> _What to produce_: From the entries below, copy out all lines holding "with".

> _Task inputs_:

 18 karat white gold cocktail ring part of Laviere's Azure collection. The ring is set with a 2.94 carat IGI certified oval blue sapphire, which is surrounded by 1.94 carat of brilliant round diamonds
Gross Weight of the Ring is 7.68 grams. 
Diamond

---

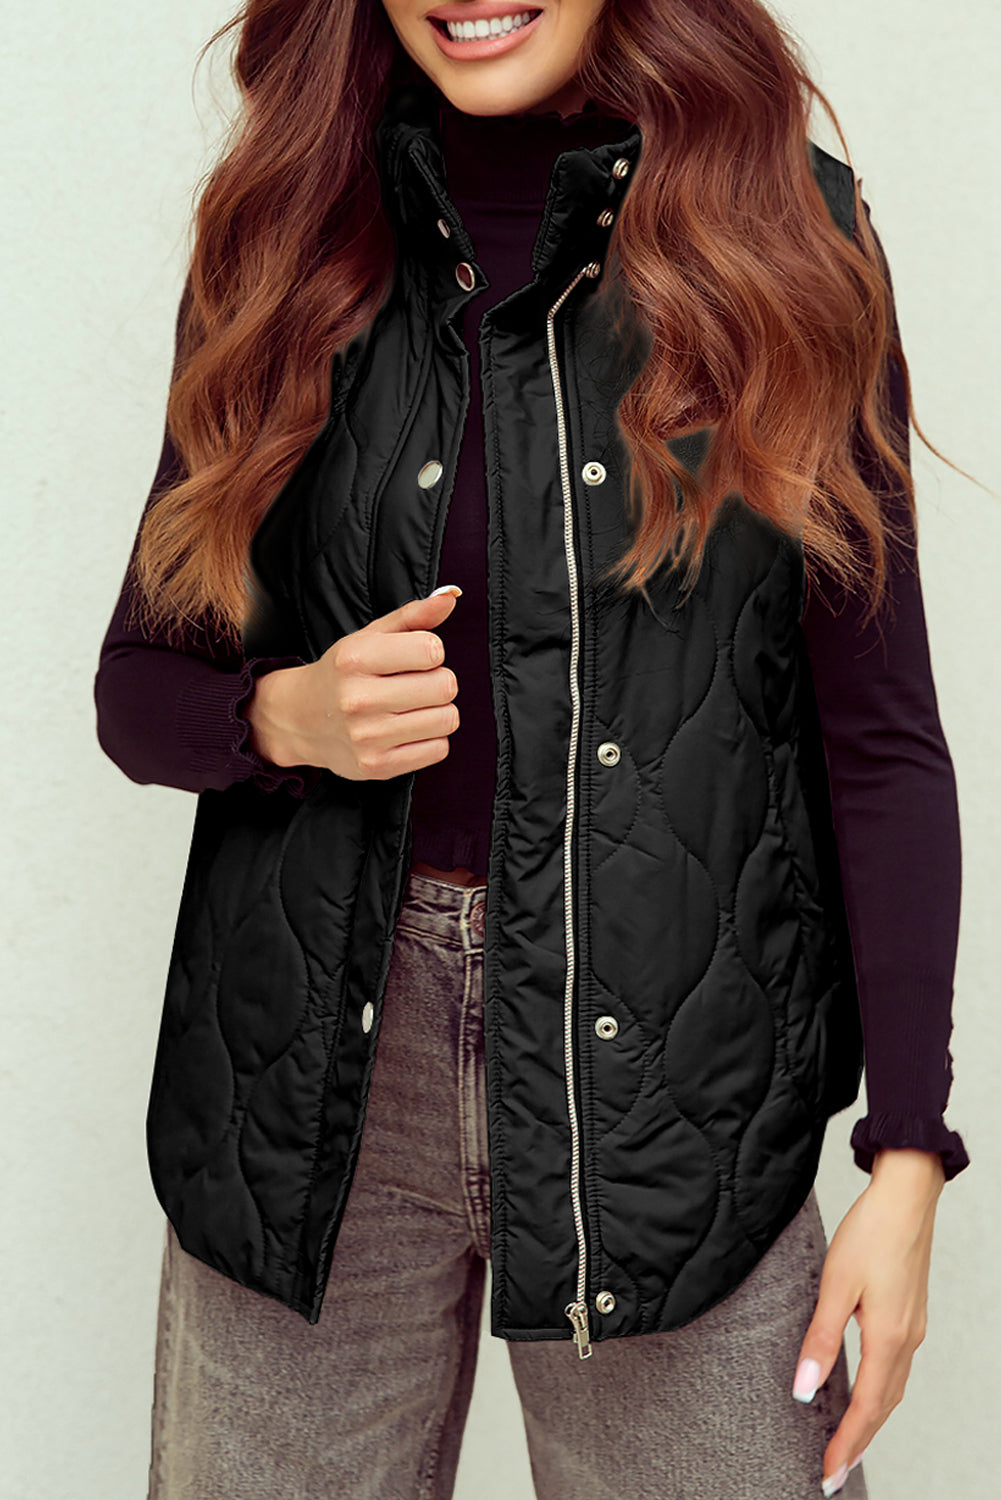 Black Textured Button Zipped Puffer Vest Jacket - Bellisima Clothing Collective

--

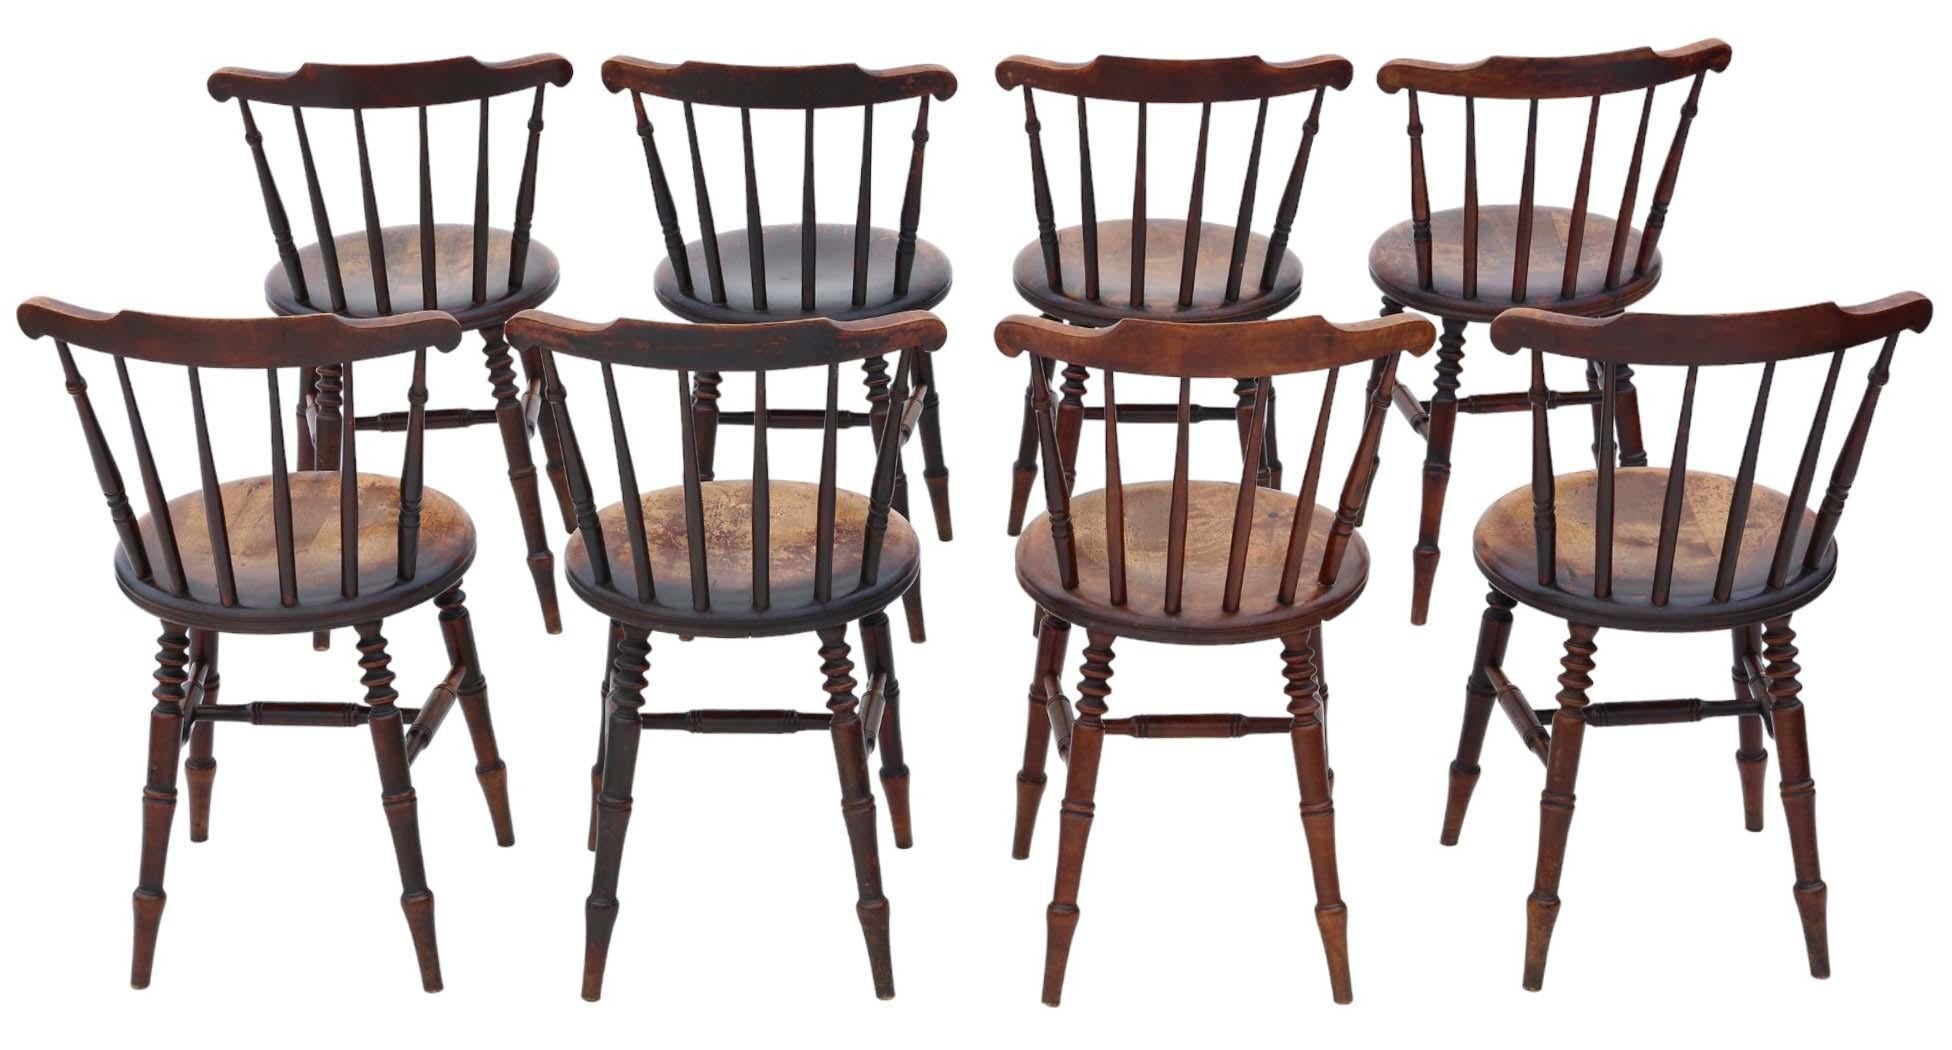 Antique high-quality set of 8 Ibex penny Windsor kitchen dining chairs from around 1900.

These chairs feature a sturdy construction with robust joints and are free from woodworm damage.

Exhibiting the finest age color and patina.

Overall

> _Response to the exercise_:
 18 karat white gold cocktail ring part of Laviere's Azure collection. The ring is set with a 2.94 carat IGI certified oval blue sapphire, which is surrounded by 1.94 carat of brilliant round diamonds
These chairs feature a sturdy construction with robust joints and are free from woodworm damage.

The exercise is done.